Do you want to learn the coolest arm balance pose out there, but don't want to put the pressure on your wrists? If yes, then you have come to the right place! Today we will be discussing Bala Kakasana, also known as Baby Crow, and how it is the perfect pose for you! We will explore how this pose strengthens your arms and prepares you for forearm standing. All of this without subjecting your wrists to the strain of fully supporting your bodyweight! Get ready to master the Baby Crow Balance Pose with laughter and fun!
Table of Contents
- 1. Get Ready for Balakakasana with Proper Preparation
- 2. Get Set with the Right Alignment & Position
- 3. Go! Leveraging the Power of Engaged Abs
- 4. Conquer Baby Crow and Level Up Your Arm Balance Confidence
- Q&A
- Insights and Conclusions
1. Get Ready for Balakakasana with Proper Preparation
Get ready for Bala Kakasana with proper preparation! This arm balance is often overlooked as it's not seen very often in classes, but trust us - it is super cool to practice! Before you give it a shot, however, you need to warm up your body. An easy way to prepare for this posture is to take opposite hands to opposite elbow, and flatten the palms and forearms down. This ensures the arms will be at the correct width when you come into the pose.Once you are ready, choose a spot on the mat to kneel down. Place your forearms down where you have set them up, making sure your arms are shoulder-width apart. Move your knees to the outside of the tops of the arms, near the armpit, and then lean forward. Take your gaze forward, and lift one foot. Balanced the bodyweight on your arms and the other foot, and squeeze your heels into your butt to complete the posture.What makes Bala Kakasana such a special arm balance is that it does not place any pressure or strain on the wrists - the weight in the pose is distributed across the forearms. Plus, it will help you build strength for other postures, such as forearm stands. To recap:- Set yourself up: take opposite hands to opposite elbow, and flatten the palms and forearms down.

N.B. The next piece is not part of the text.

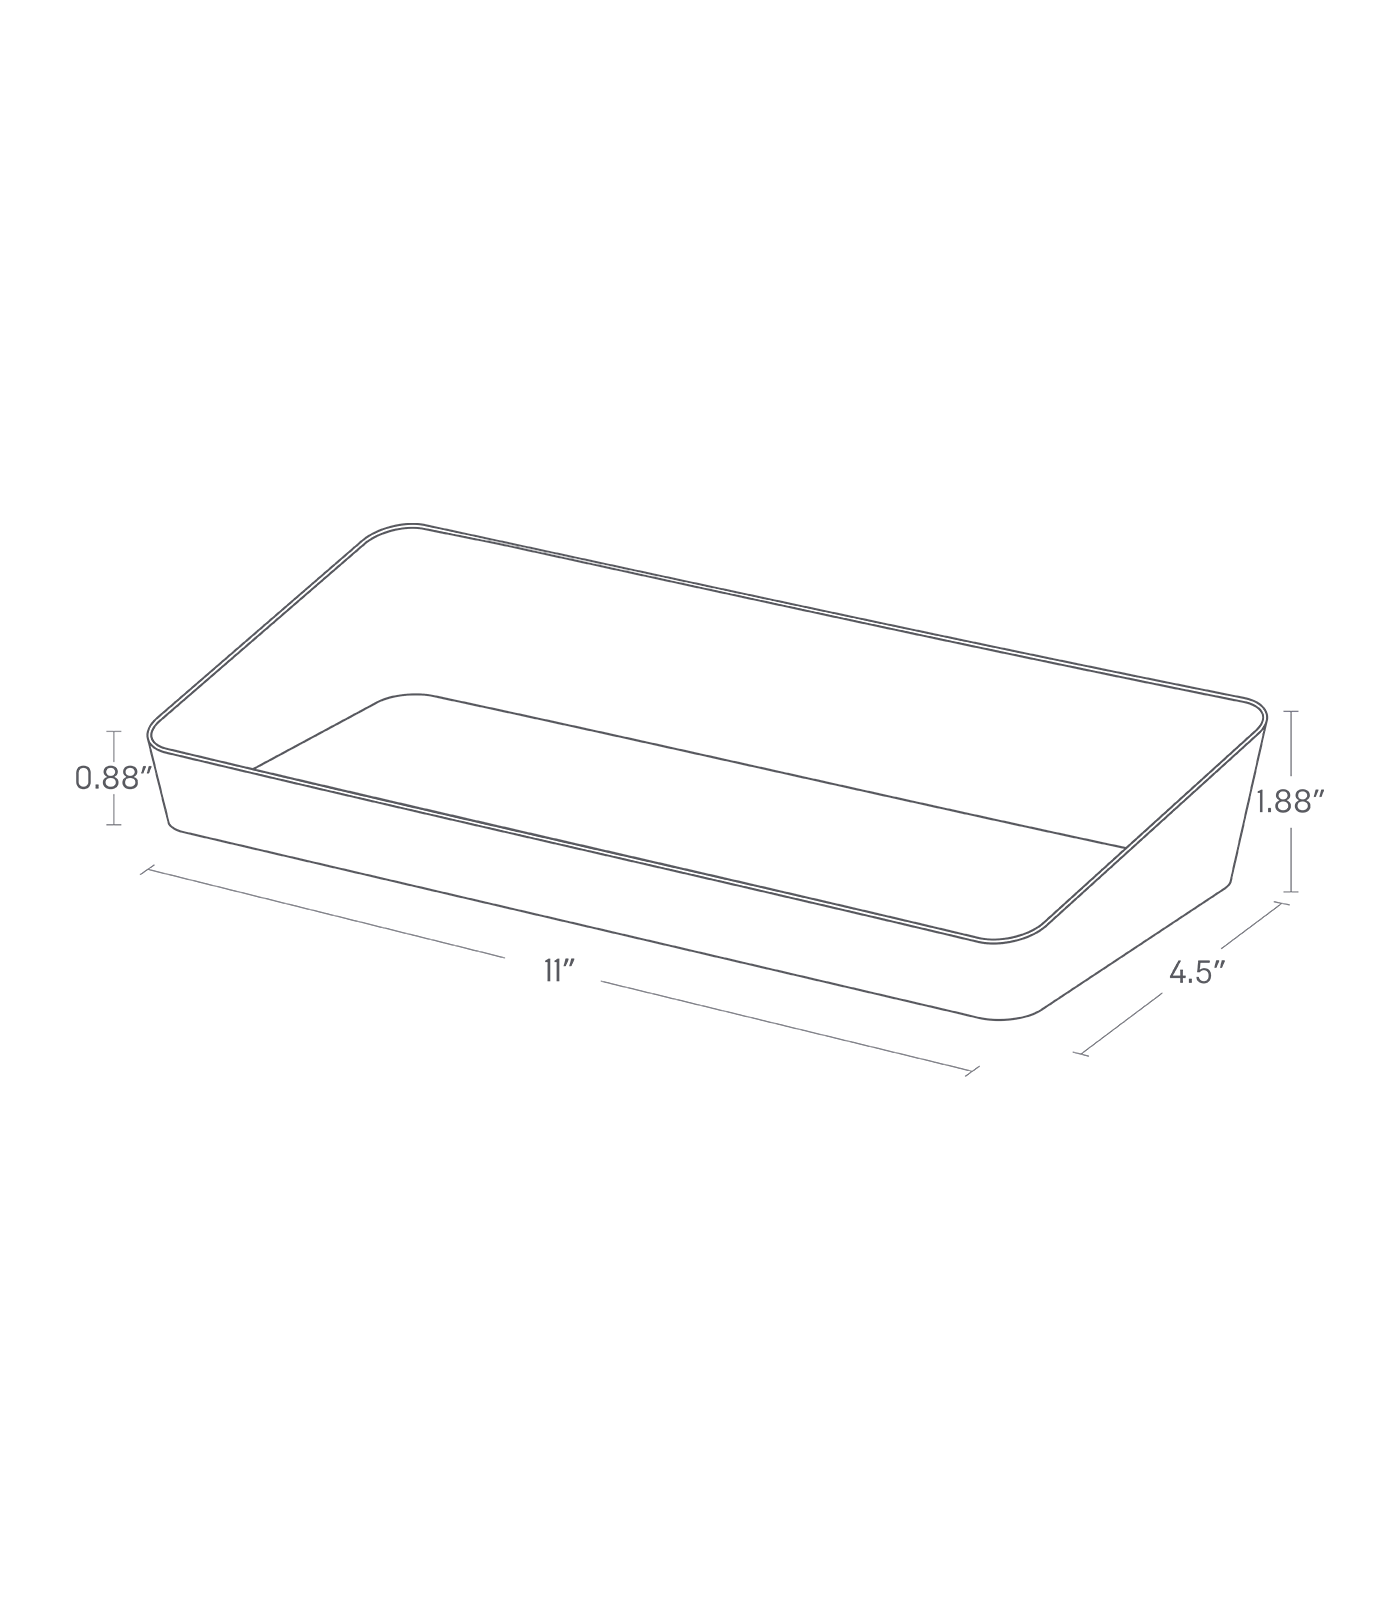 Dimension image for Vanity Tray showing length of 11

- Kneel down: move your knees to the outside of the tops of the arms, near the armpit, and then lean forward.
- Lift feet: balanced the bodyweight on your arms and the other foot, and squeeze your heels into your butt to complete the posture.
2. Get Set with the Right Alignment & Position
It's time to get set with the right alignment and position for Baby Crow! Setting up is often the most important part of any yoga pose and it's no different for Bala Kakasana.The first step is to ensure your arms are as wide as the shoulders while your palms are flat on the ground and your forearms down. Then place your knees just outside of your armpits –make sure you're squeezing them in.Now to lift uponto your tiptoes. Don't worry, this isn't a death-defying feat. You'll only be a few inches off the ground. Make sure you're engaging your abdominals, actively bringing the belly towards your spine, and your feet and heels into your butt.And you're all set! Bala Kakasana can help you build the strength you need for even more impressive forearm stands.Plus, it's great if you have wrist issues.Remember warm-up beforehand and you'll be ready for this arm balance:- Arms as wide as the shoulder? Check!
- Palms flat and forearms down? Check!
- Knees squeezed into the armpits? Check!
- Engaged abs? Check!
- Feet and heels into the butt? Check!
3. Go! Leveraging the Power of Engaged Abs
It is an important part of mastering arm balances like Bala Kakasana (or baby crow). This posture gives you a great foundation for working on forearm stand – it allows you to exercise similar building blocks, strengthening your wrists and arms.Here's what you need to get started:- Set up your arms as wide as shoulders.
- Flatten your palms and forearms down.
- Make sure your butt is on the heels.
- Place the knees on the back of the tops of the arms, near the armpit.
- Lean forward and take your gaze off the mat.
4. Conquer Baby Crow and Level Up Your Arm Balance Confidence
Work like a pro! Balakakasana aka baby crow is a great arm balance to practice if you are not yet feeling up to crow pose or dealing with wrist issues. This pose does not involve putting the weight onto the hands, instead the weight is balanced across the whole of the forearm and the hands. Before attempting this pose, make sure to warm up and if you need to review the other videos first, go for it!Start in a kneeling position with your arms as wide as your shoulders and your forearms down. Take your knees to the outside and near the armpit and then lean forward, taking one foot off the mat at a time. Squeezing the heels into your bottom and engaging your abs to bring the belly back towards the spine. You should not be too far off the ground, around a few inches from the mat, so don't worry about faceplanting!- Engage your abdominals: Bringing the belly in and back towards the spine.
- Squeezing the heels into the bottom: Get the feeling of drawing your navel up and up into your spine.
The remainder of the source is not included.